··· RECORDED INFORMATION

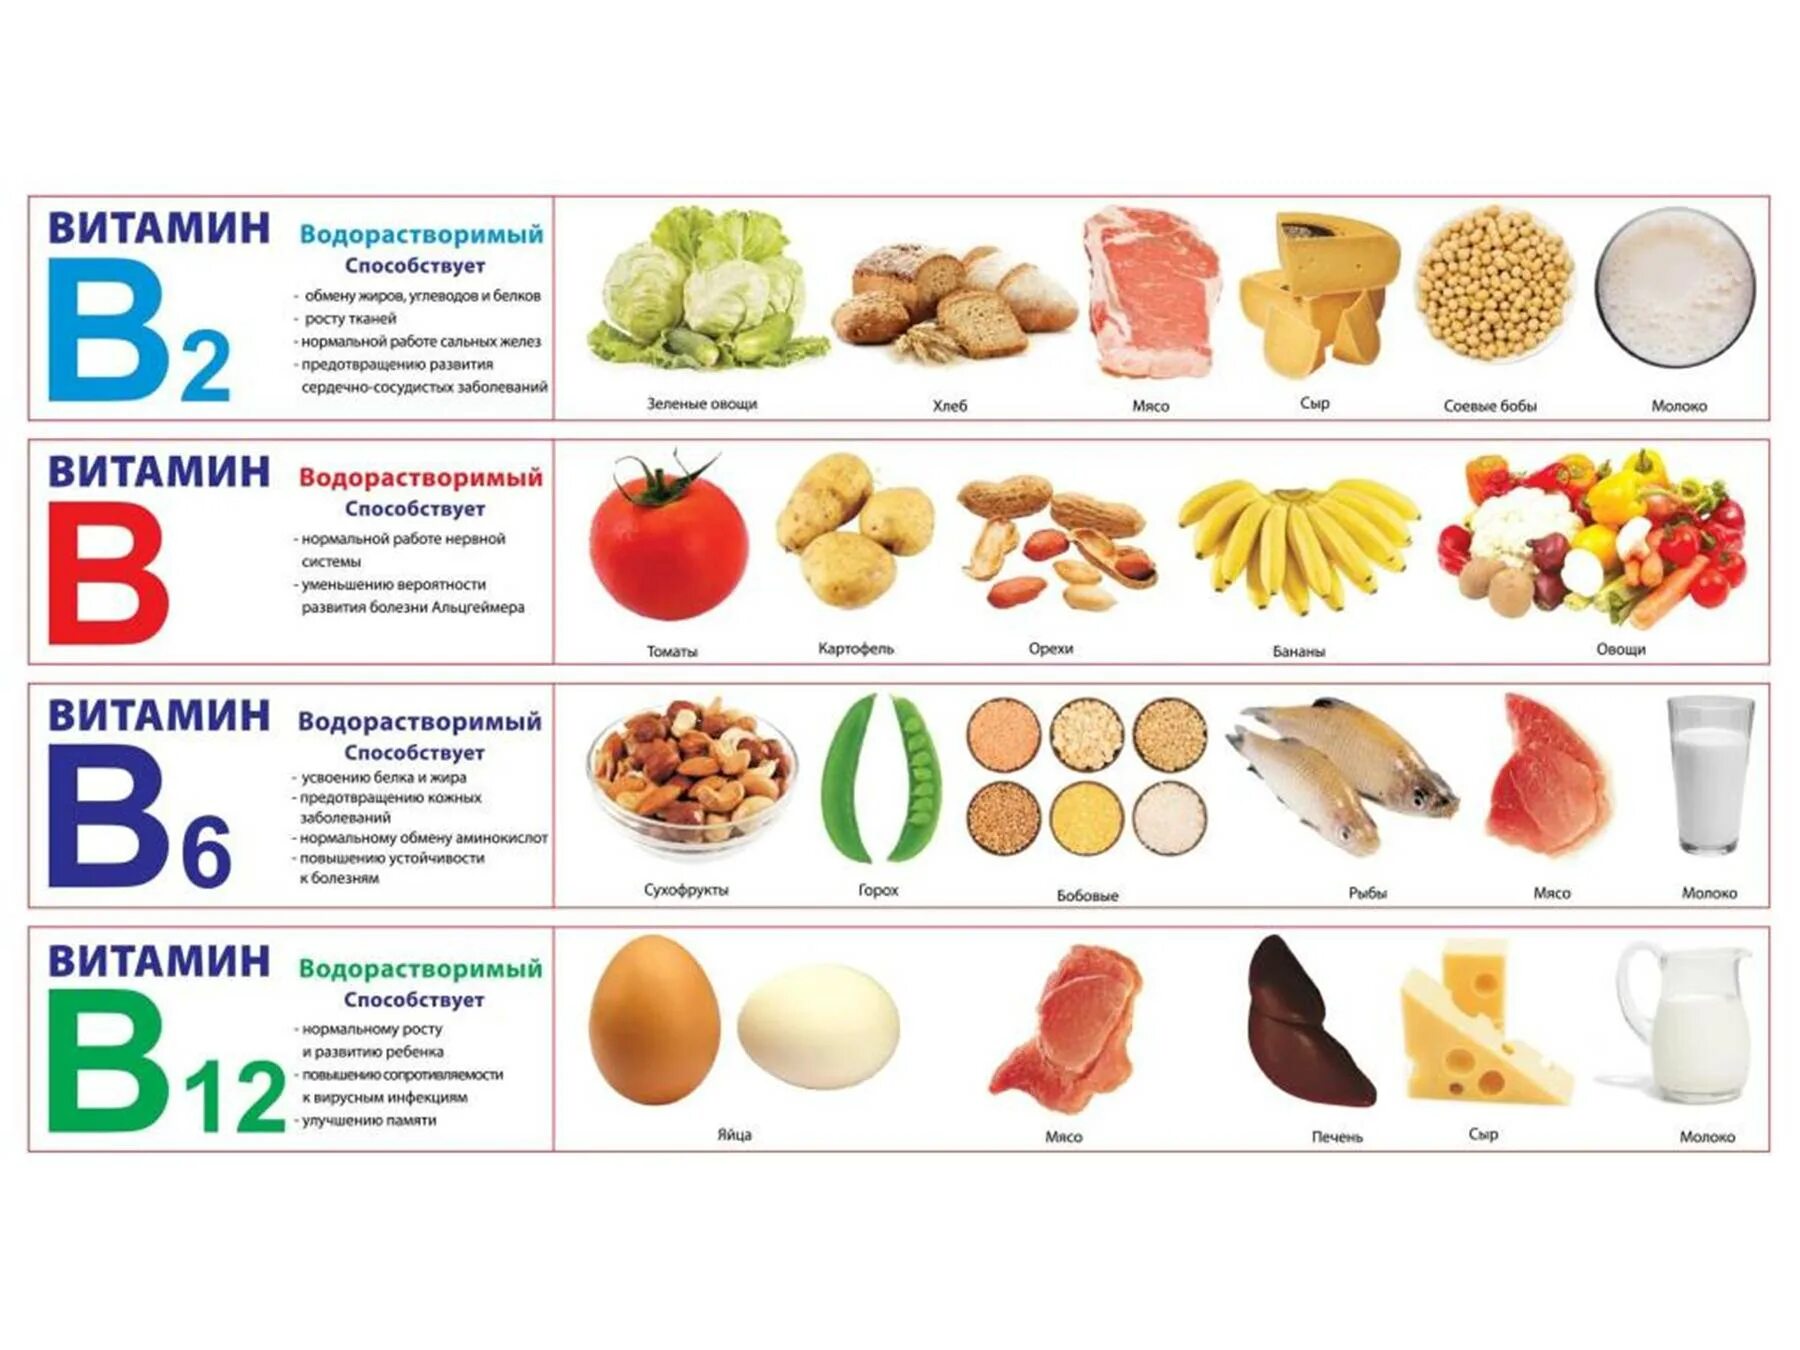 Витамины в продуктах для детей. Витамины в пищевых продуктах. Здоровое питание таблица витаминов. Правильное питание витамины. Продукты здорового питания таблица.
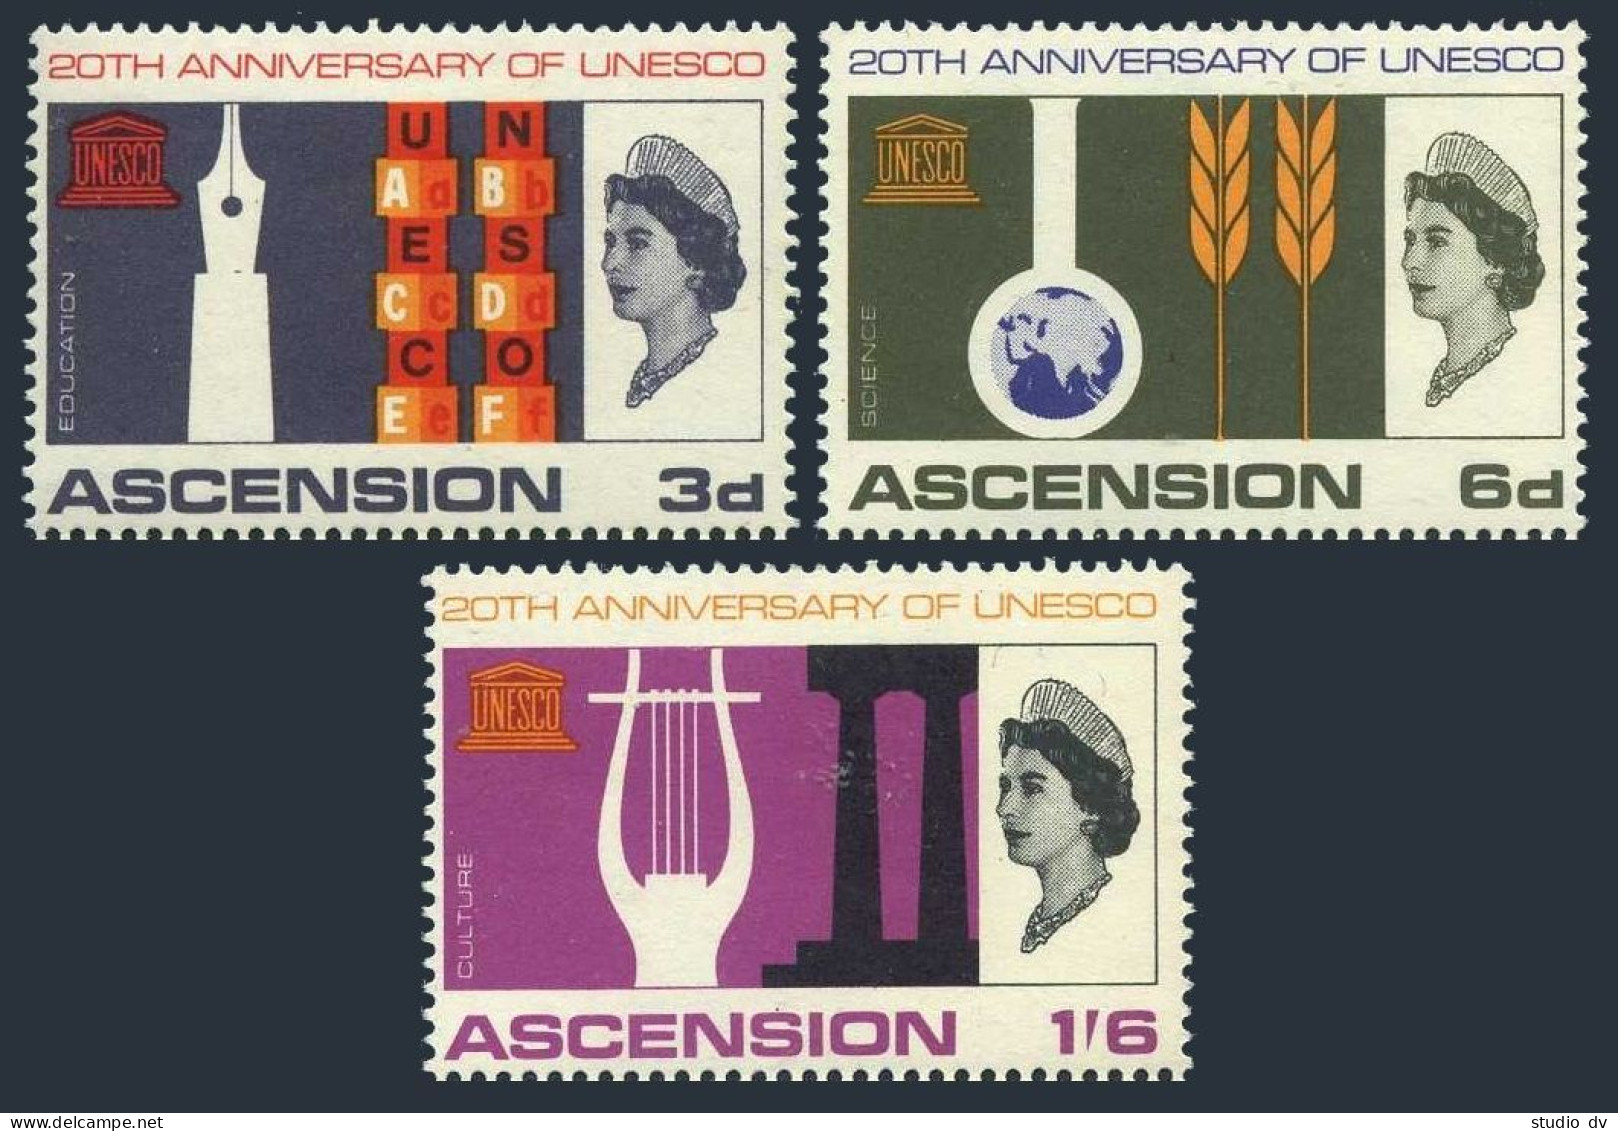 Ascension 108-110, MNH. Mi 112-114. UNESCO-20, 1967. Education, Science,Culture. - Ascension (Ile De L')
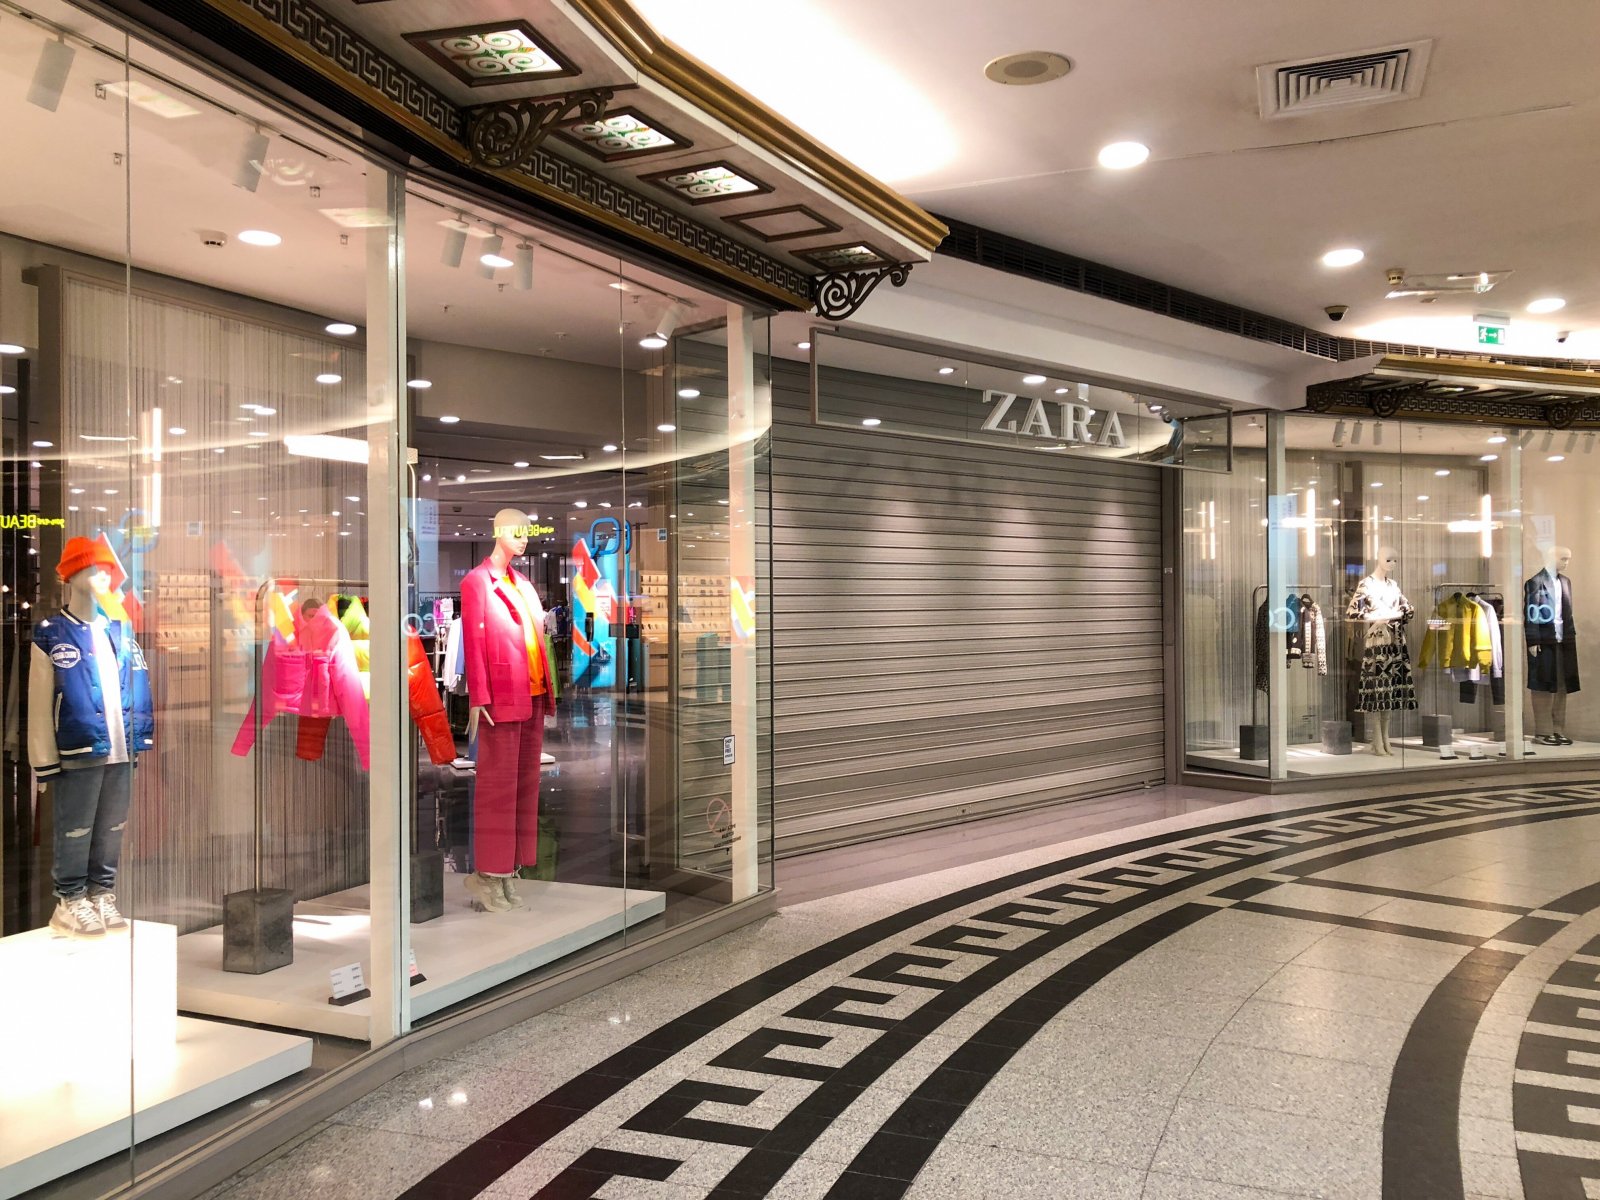 Покупатели недовольны новыми правилами торговой сети Zara

······

Copy out all the data above exactly, pictures excluded.

WRITTEN ANSWER:
 Витамины в продуктах для детей. Витамины в пищевых продуктах. Здоровое питание таблица витаминов. Правильное питание витамины. Продукты здорового питания таблица.
 Ascension 108-110, MNH. Mi 112-114. UNESCO-20, 1967. Education, Science,Culture. - Ascension (Ile De L')
 Покупатели недовольны новыми правилами торговой сети Zara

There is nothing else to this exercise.